"He dressed quickly and went outside to catch the sun rising out of the sea, the ball of red fire reaching across the surface of the still ocean, spreading crimson, scarlet, vermillion, stirring the birds on the rocky cliffs feathered monks in their cathedral choir. He sketched, in pencil pagans at matins heralding the christ sun."
One of the two major characters at the center of this ambitious novel is a painter named Lloyd. Part of what makes the novel so ambitious is that it not only tells an eclectic story, but the structural components used to tell it are equally eclectic. The passage quoted above presents one example of the idiosyncratic methodology behind its use of language. Also worth noting is that language itself is very central to the storyline. Lloyd is an English painter who has to the small remote Irish island on which the story is set because he fancies himself as an artist in the mold of Paul Gauguin: a sophisticate dedicated to using his talents to portray the natural beauty of the savages. Since this story takes place in 1979 during one of the heights of the outbreaks of violence associated with “the Troubles” between the Irish and the British, this perspective is both aesthetically romanticized and politically colonialized. In this particular moment, Lloyd can bask in the aestheticism of his outsider presence on the island, but the arrival of French linguists to come to the island to study a language left to die by British invaders inevitably forces him to confront the politics of his romantic idealism.
"It is difficult to be certain when the Irish language first arrived in Ireland, but the oldest physical remains date back to monuments from the 5th and 6th centuries known as Ogham stones, boulders marked with lines and notches representing the Latin alphabet. Most of these stones carry inscriptions of people’s names and scholastic writings, and it is believed that the language remained mainly unchanged until the Viking invasion of Ireland between 900 and 1200. The language survived that conquest, but adapted and acclimatized, as language does, by absorbing Norse words."

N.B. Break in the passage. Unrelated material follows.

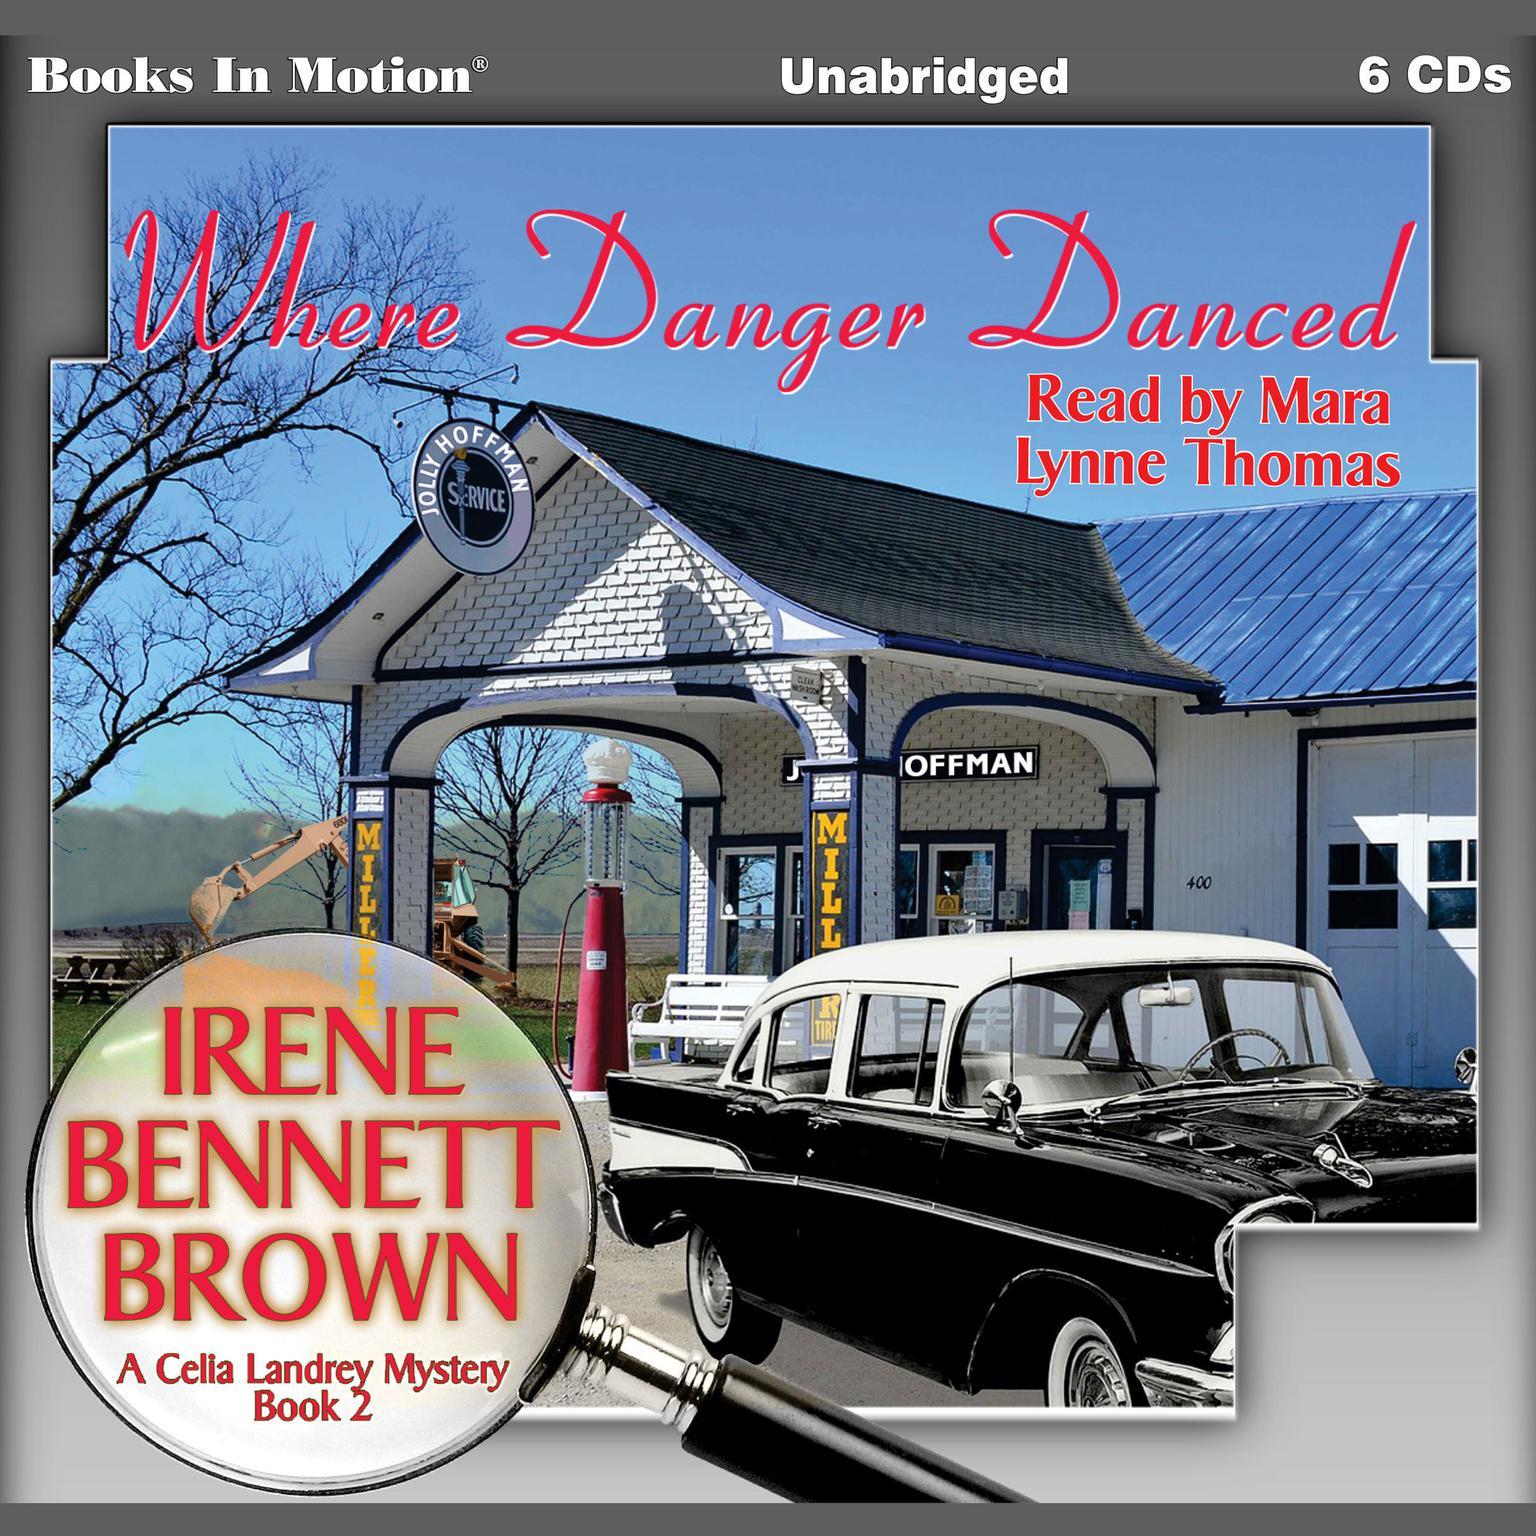 Where Danger Danced (A Celia Landrey Mystery, Book 2) Audiobook, by Irene Bennett Brown

The French linguist has come to the Irish island to conduct research into how languages go extinct. His findings and analysis are in the form of a handwritten rough draft. This passage is taken from that writing and presents another example of the eclecticism of the style in which the novel is written. The text throughout has been stripped of all but the most necessary punctuation makes that serves to avoid complete confusion: things like commas and periods. While the example above is a more explicit example of the experimental nature of the composition of the narrative, this except Masson’s handwritten study is actually another. There is nothing that sets the extended excerpt from Masson’s study apart from any other sections of the novel to indicate its position as the specific thoughts of a character rather than as a description narrative by the author. The only way this determination can be made is with the short introductory paragraph which is the narrative voice of the author describing Masson looking at his handwriting before resuming the process of writing. The link between the more experimental qualities of the composition of the novel and Masson’s observations about how the Irish language developed and evolved as a result of influences by foreign cultures only becomes clear as a result of reading the narrative and witnessing this process being replicated on a considerably smaller scale in the way language is used within the text.

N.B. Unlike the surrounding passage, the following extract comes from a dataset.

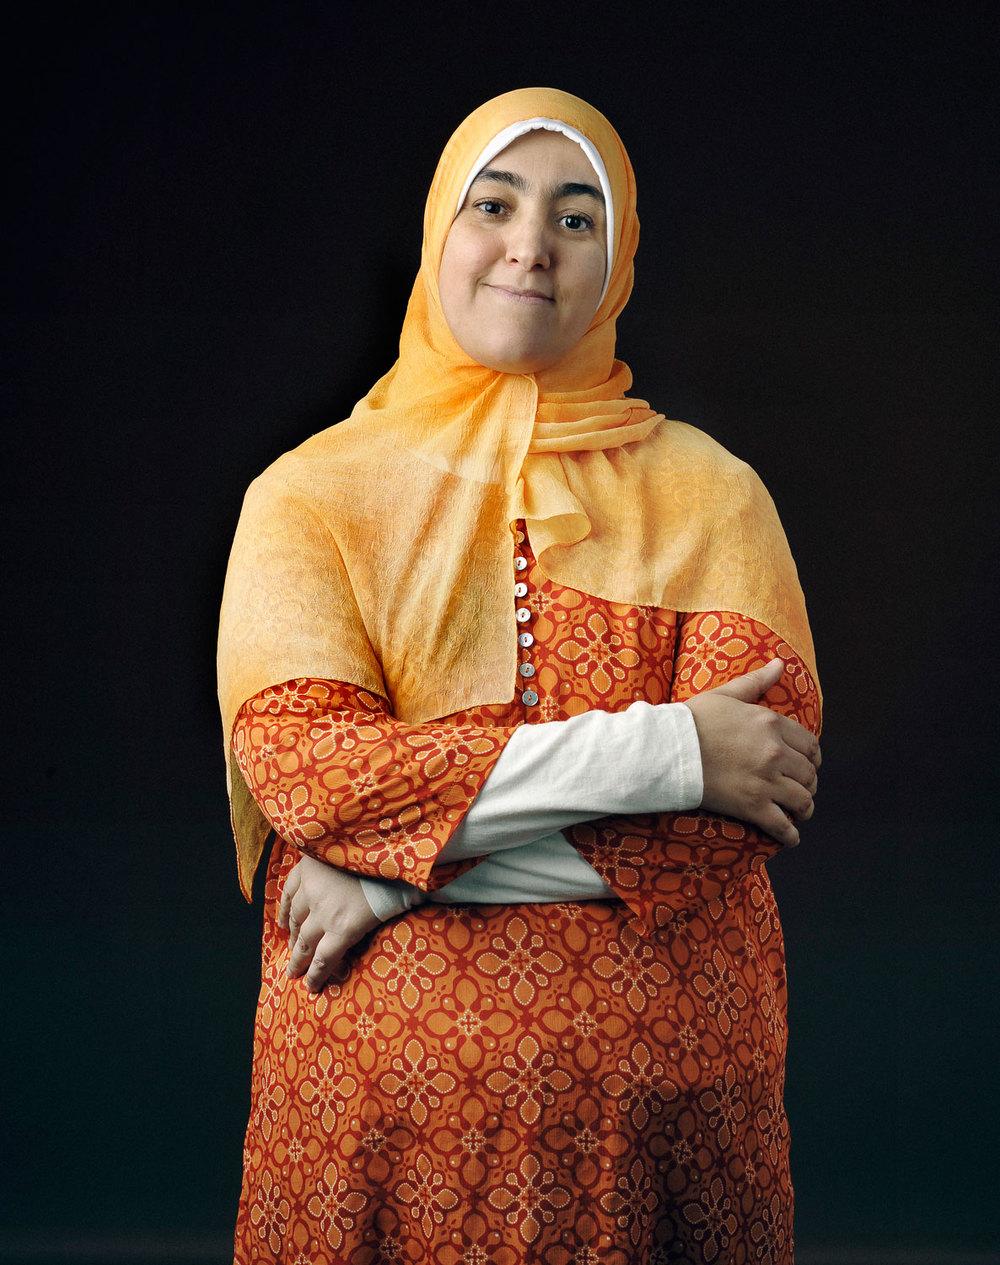 Naïma Serrouk, originaire du Maroc

"Alexander Gore is a full-time member of the Ulster Defence Regiment standing outside his barracks on Belfast’s Malone Road just after eleven on Wednesday morning, June 6th. He is twenty-three years of age, Protestant and has been married for four months. His nineteen-year-old wife is pregnant with their first child.
A truck drives down the Malone Road towards the barracks. Two IRA men in the truck open fire and kill Alexander Gore."
While the center of the conflict in the narrative itself is that which erupts between the English painter and the French linguist, it all takes place against the historical backdrop of the eruption of hostilities between the opposing sides in the ongoing conflict metonymically known as “the Troubles.” The mid-to-late 1970s was one of the deadliest periods in this ongoing civil war. The novel is set in the year notorious for becoming the moment that violence actually reached all the way inside the British Royal Family when an IRA bomb explosion killed Lord Mountbatten, cousin to the Queen. Two years later, Bobby Sands would be his legendary 66-day hunger strike which would only come to an end as the result of the inevitable tragic consequences of going that long without food. The remoteness of the island setting makes it virtually immune to the violence of the civil war, but its presence is inescapable no matter where one called home in Ireland at this time. The emotionally dry reportage style of presenting the acts of violence which do occur elsewhere—such as the horrific end for Alexander Gore—is an essential quality of its intrusion into the story. By this point in the long-running hostilities, the violence itself has not reached a state producing emotional immunity, but like mass shootings in American schools, the very predictability of the violence had drained the events of a certain amount of their previous power to shock. It had simply become something bad that everybody knew was eventually going to happen to somebody somewhere.